Privacy Policy

1. Introduction

TOV «Sinaptic AI» (hereinafter “Sinaptic,” “we,” “us,” or “our”), a company registered under the laws of Ukraine and a resident of Diia.City, is committed to protecting the privacy and personal data of all individuals who interact with our products, services, and digital properties. This Privacy Policy explains how we collect, use, store, share, and protect personal data in connection with our AI-powered cybersecurity products — Browser DLP, Sinaptic AI Intent Firewall®, and Sinaptic® DROID+ — as well as our website at sinaptic.ai.

This policy is drafted in compliance with the General Data Protection Regulation (EU) 2016/679 (“GDPR”), the Law of Ukraine “On the Protection of Personal Data” No. 2297-VI, and other applicable privacy legislation in jurisdictions where we operate.

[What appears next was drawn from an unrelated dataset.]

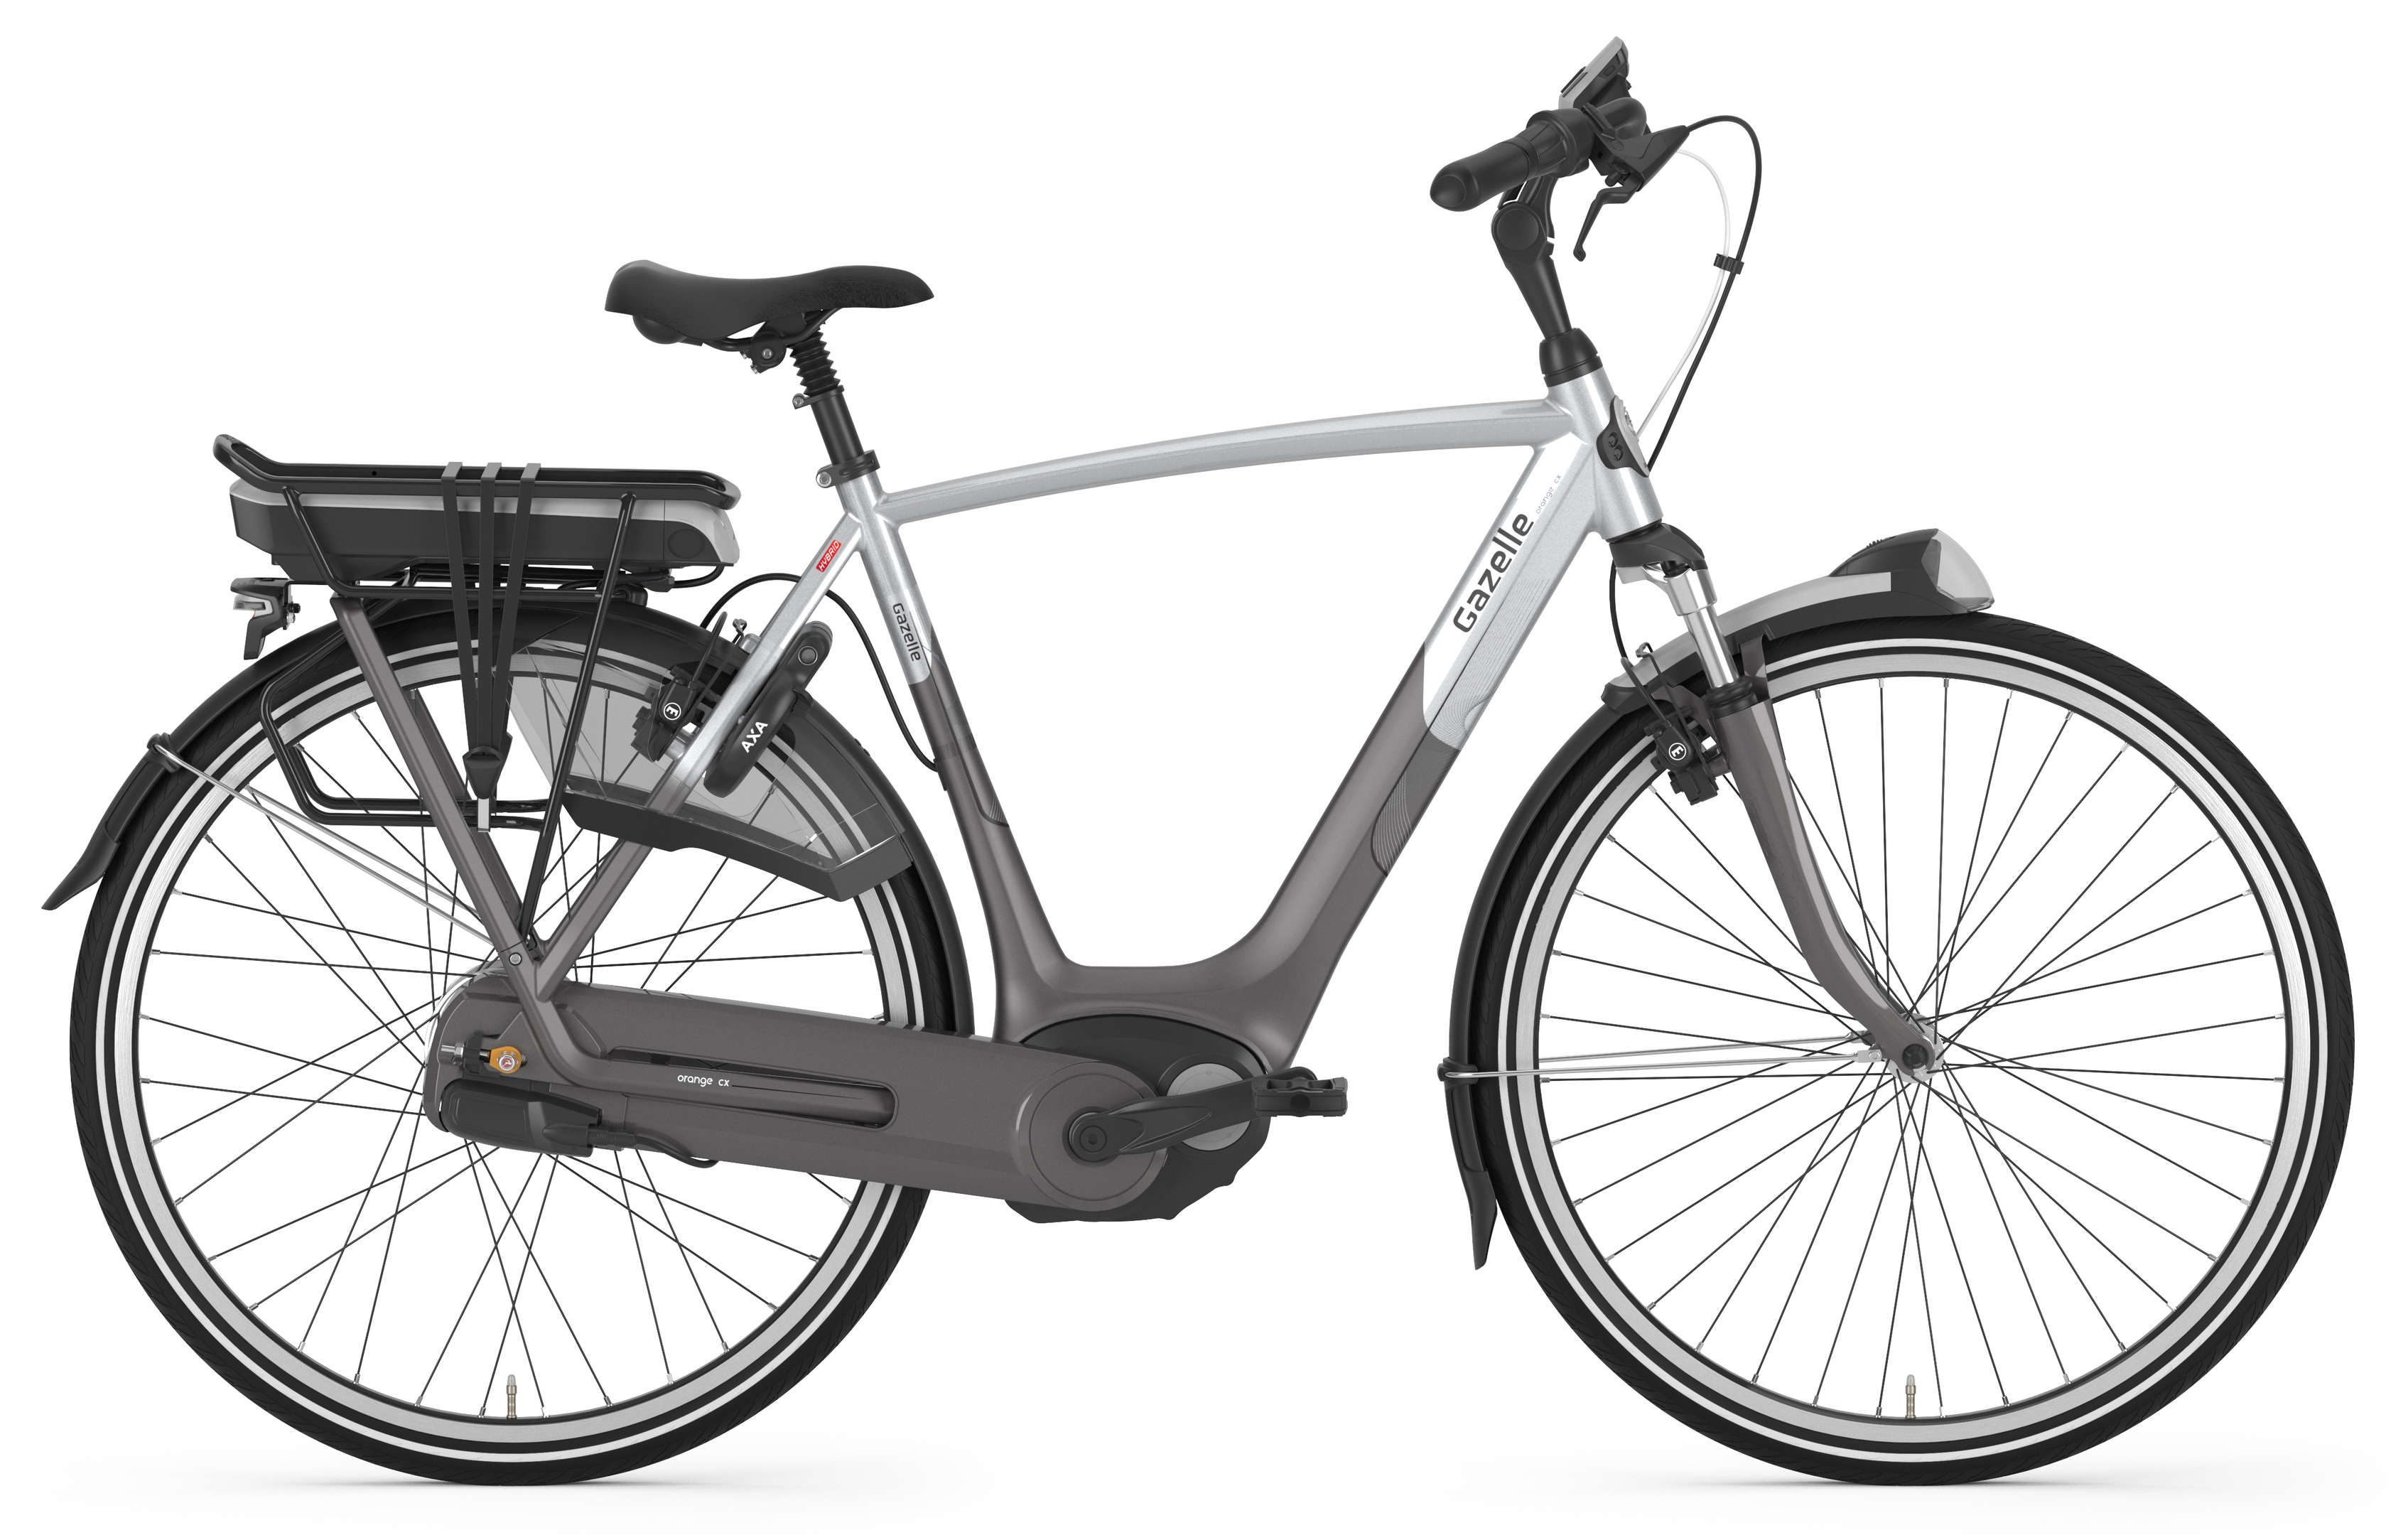 Gazelle E-Bike Orange CX HMB - Eurorad BikeleasingEurorad Bikeleasing

By using our services, visiting our website, or otherwise engaging with Sinaptic, you acknowledge that you have read and understood this Privacy Policy.

2. Data Controller

The data controller responsible for processing your personal data is:

Where Sinaptic processes personal data on behalf of enterprise clients through our Browser DLP, Sinaptic AI Intent Firewall®, or Sinaptic® DROID+ products, we act as a data processor. In such cases, the client organization is the data controller, and a Data Processing Agreement governs the relationship.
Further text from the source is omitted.